Start of Given information

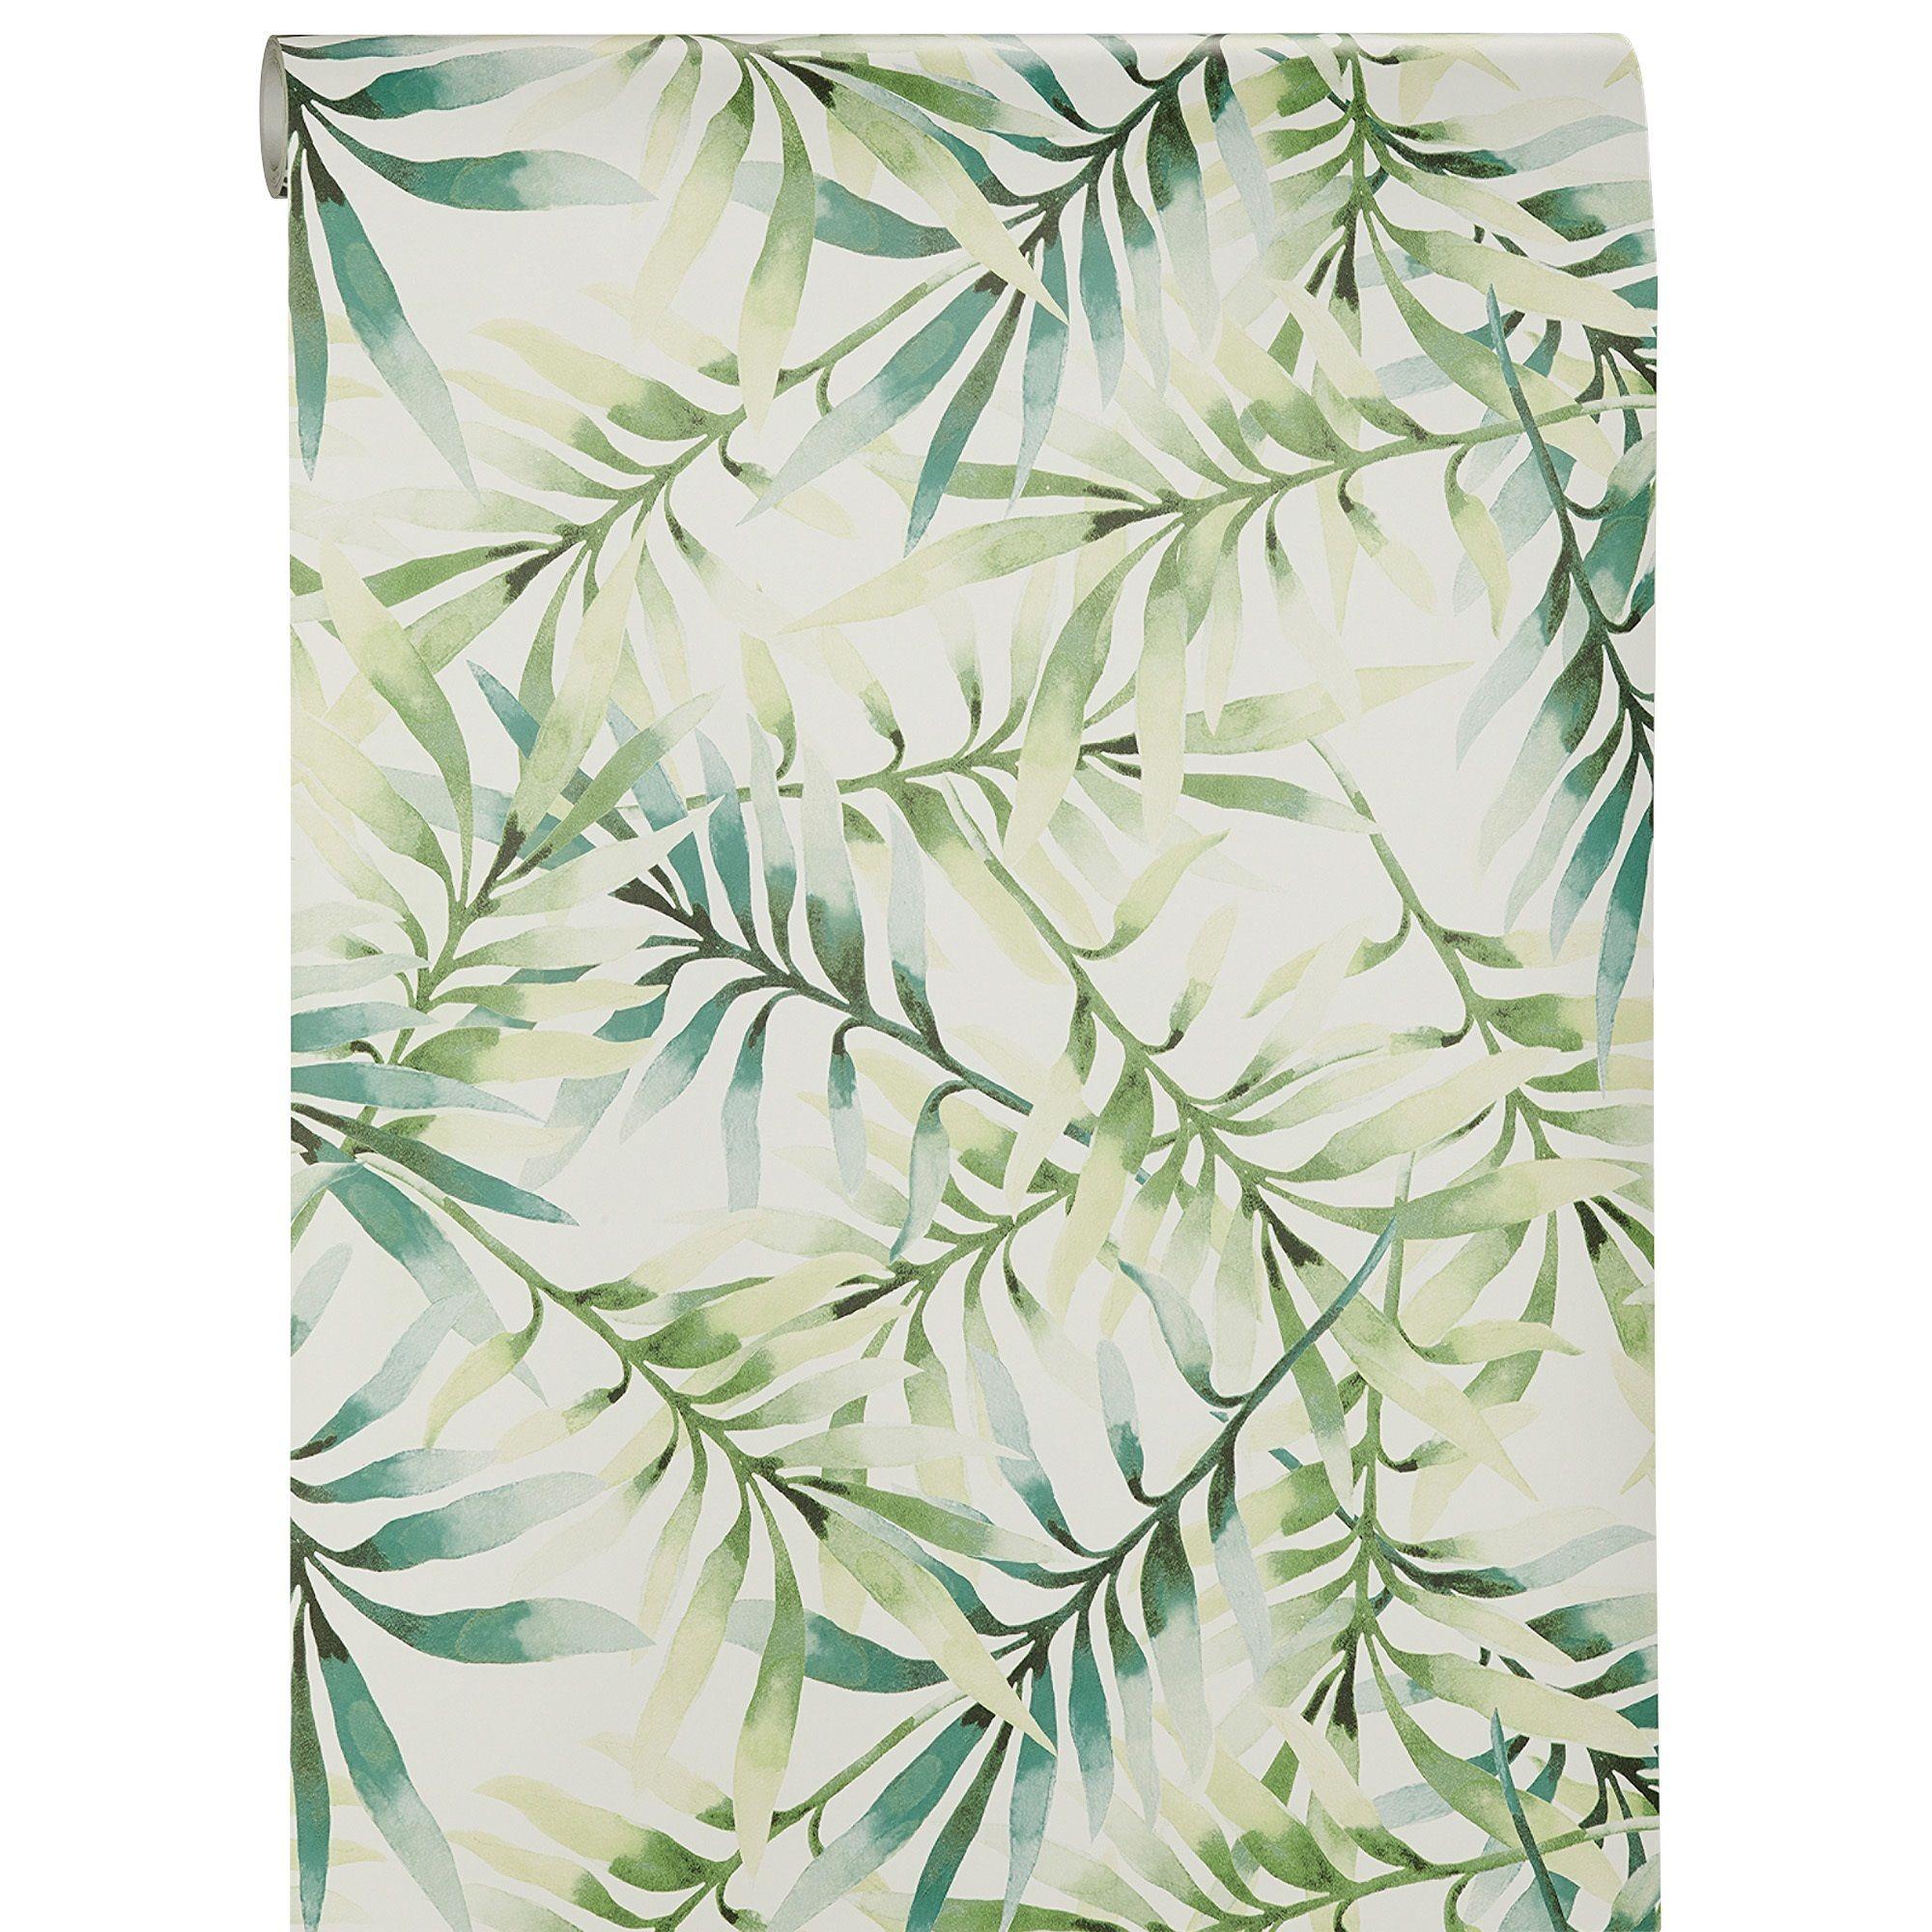 Behang Lente Groen  Wannahaves  Groen behang Behang
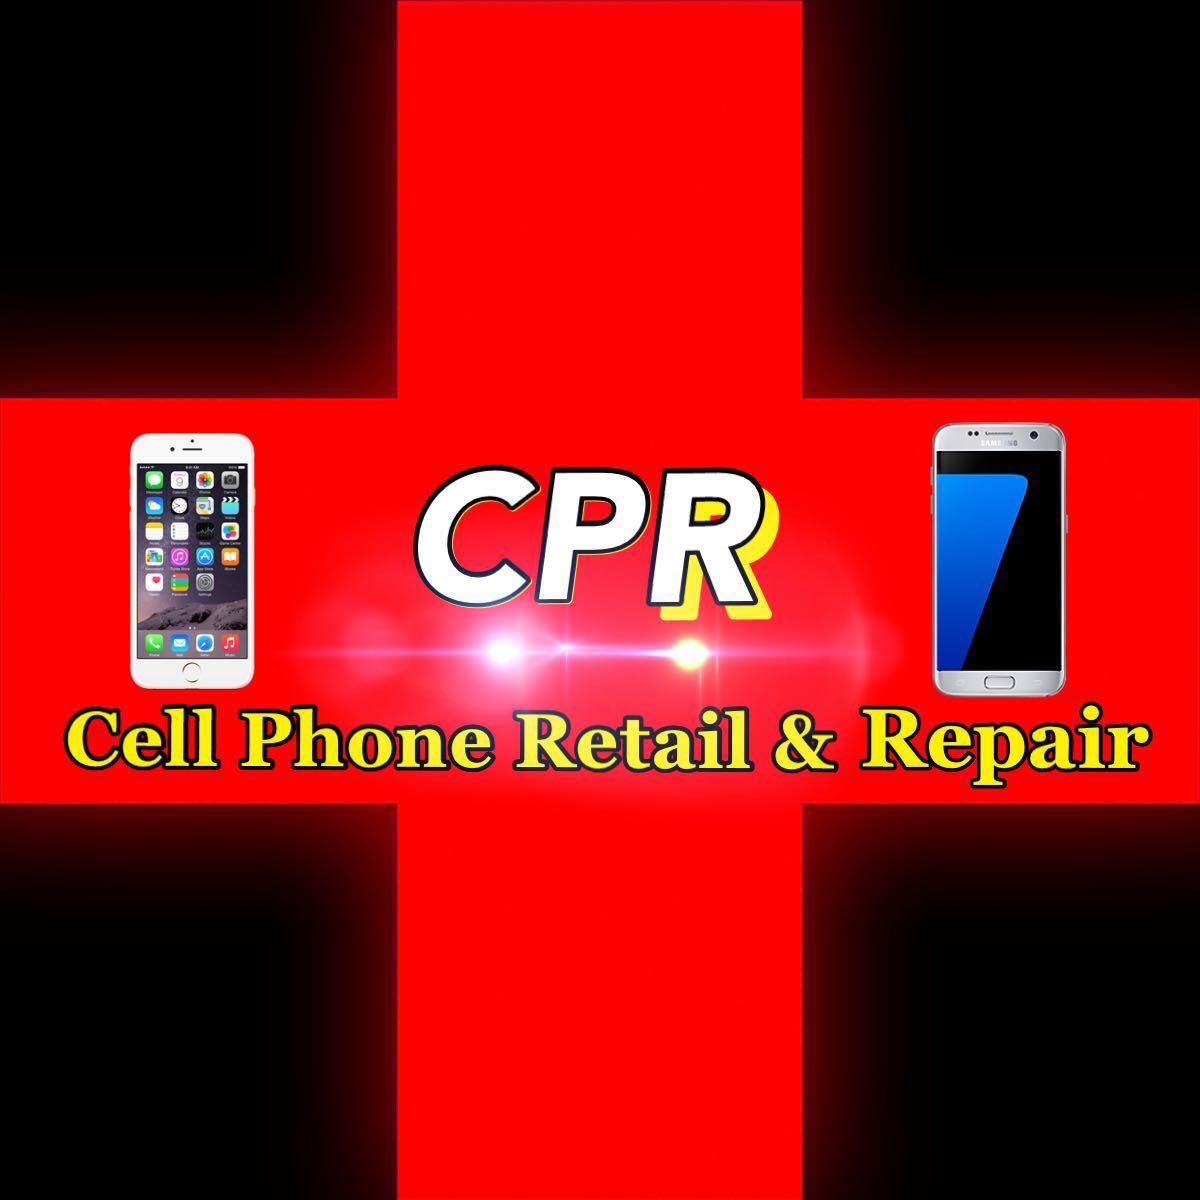 cellphoneretail
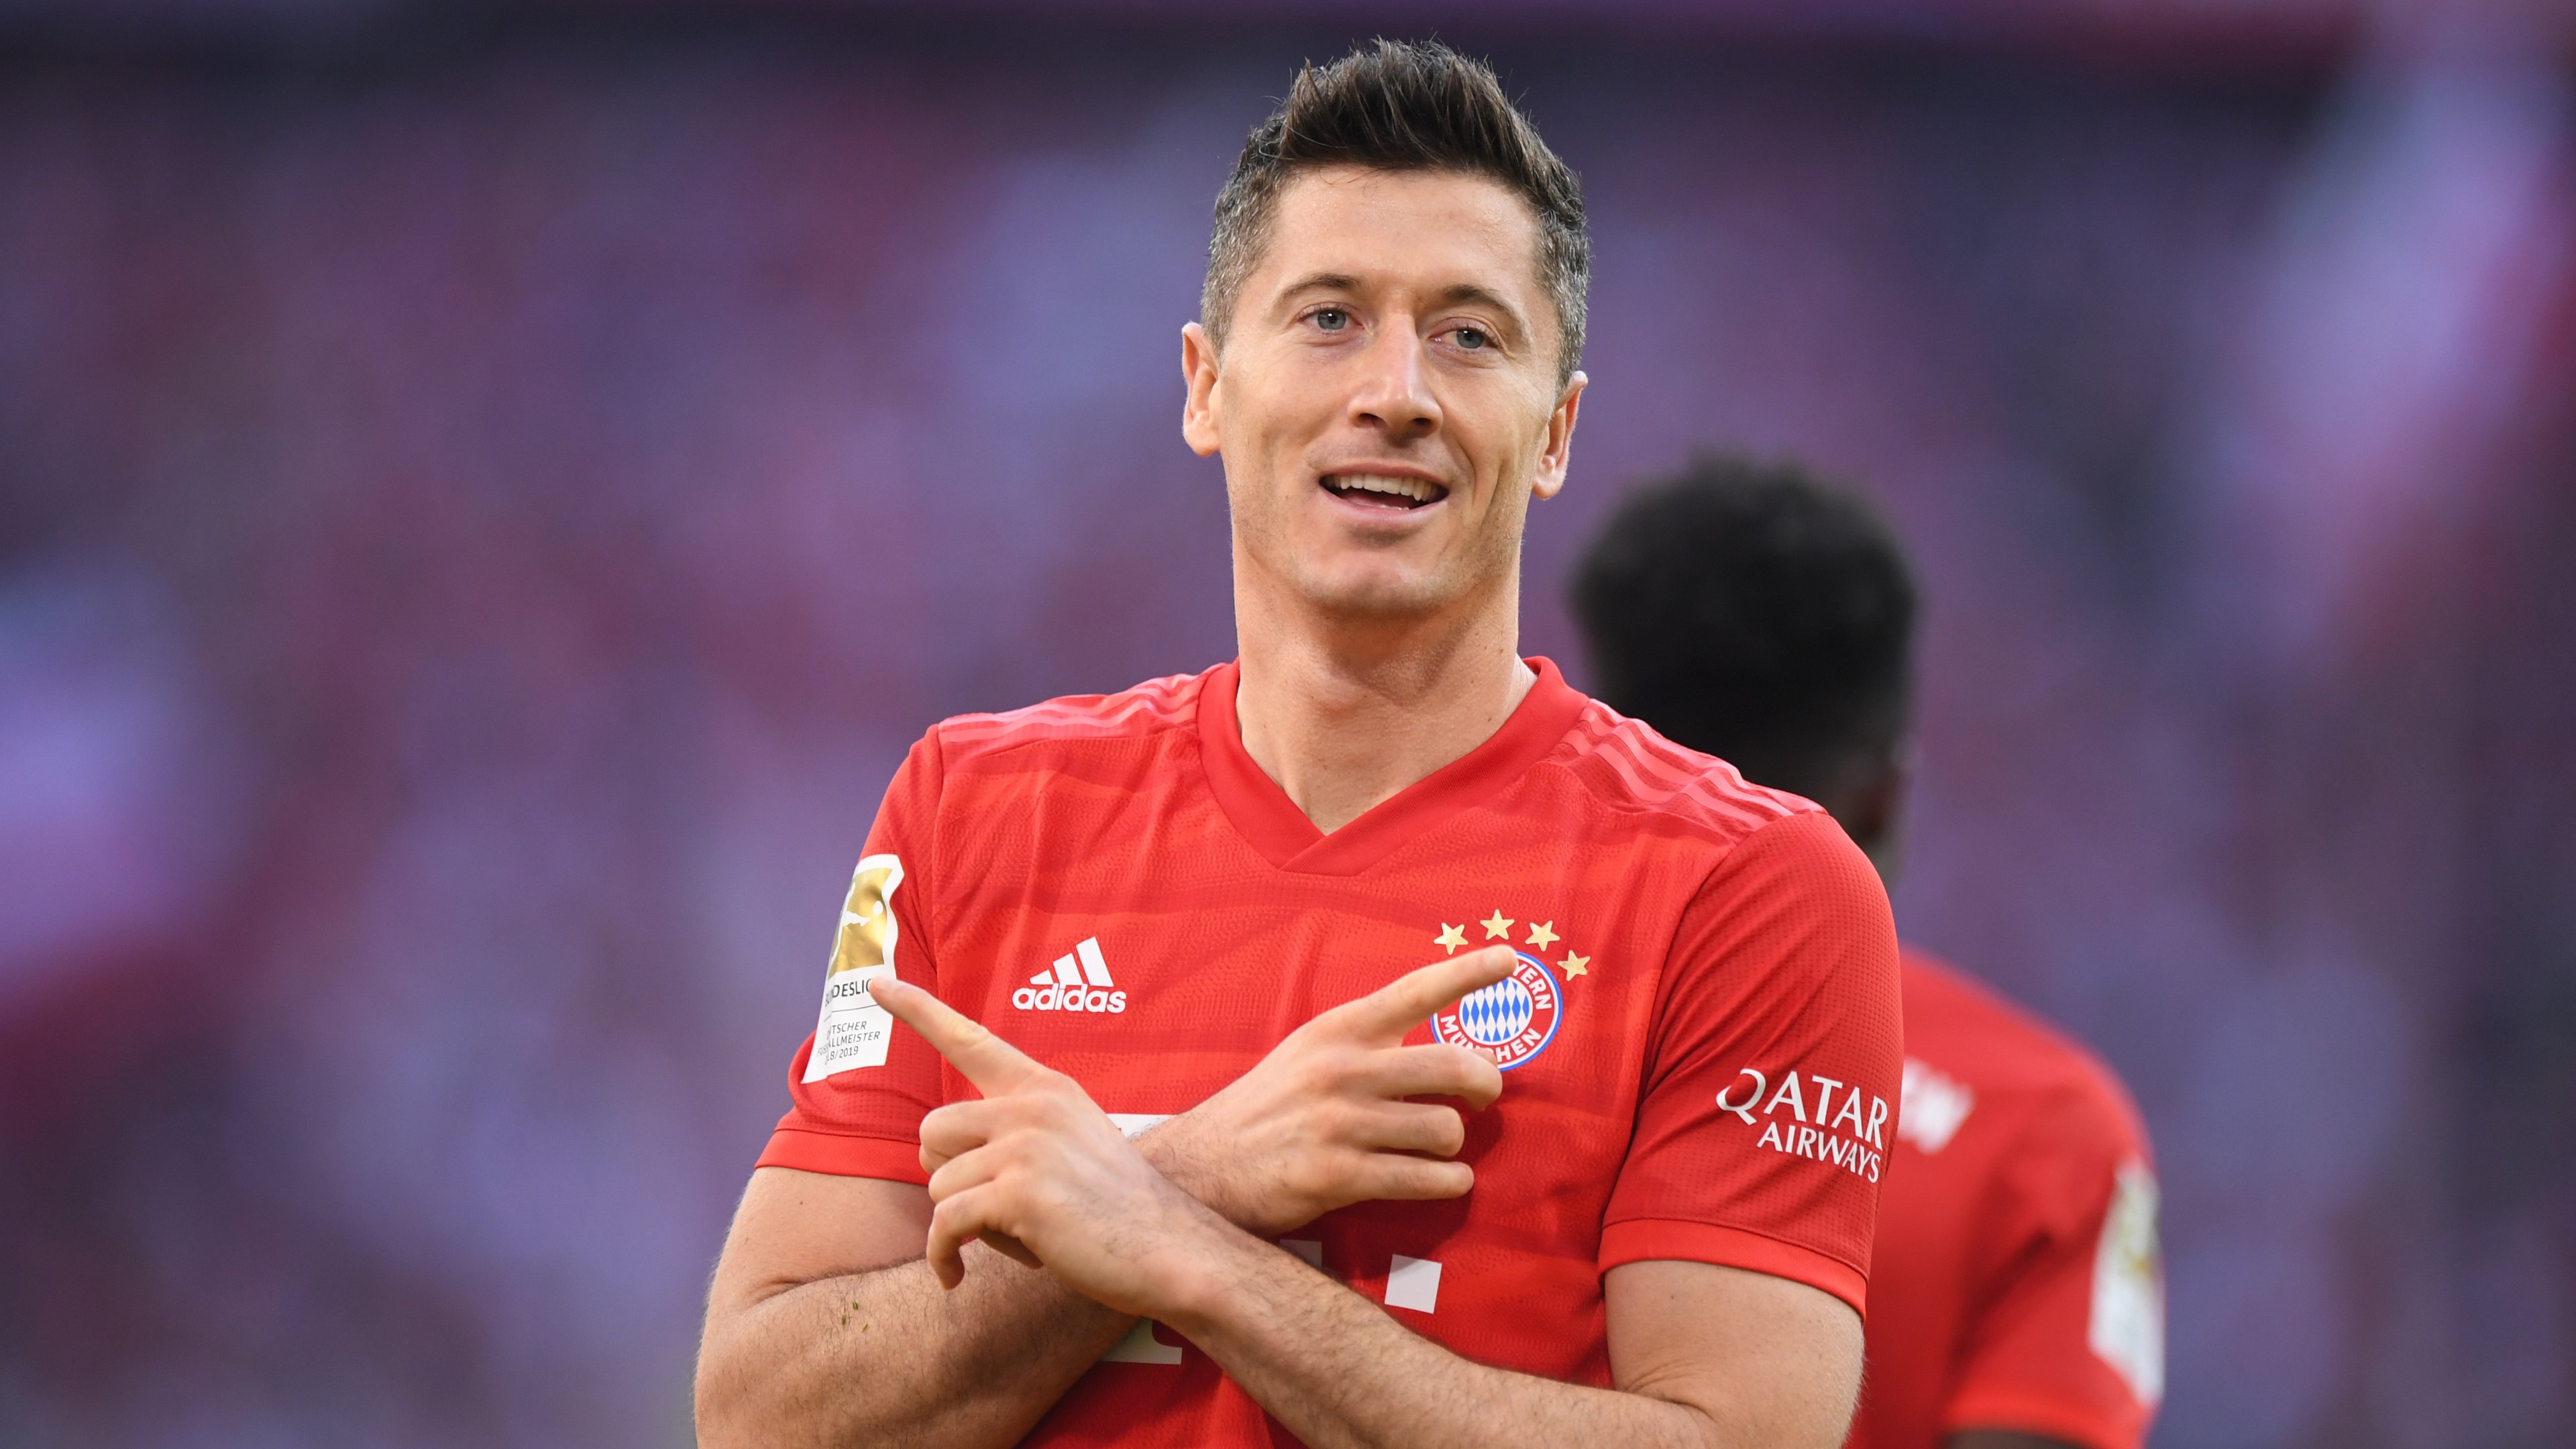 'Lewandowski's the perfect role model for Neymar' – Bayern striker 'ageing like a fine wine', says Hargreaves

End of Given information

■ **What is required**:
Pictures are not part of the copy; retype all the other material exactly.

■ **Response**:
 Behang Lente Groen  Wannahaves  Groen behang Behang
 cellphoneretail
 'Lewandowski's the perfect role model for Neymar' – Bayern striker 'ageing like a fine wine', says Hargreaves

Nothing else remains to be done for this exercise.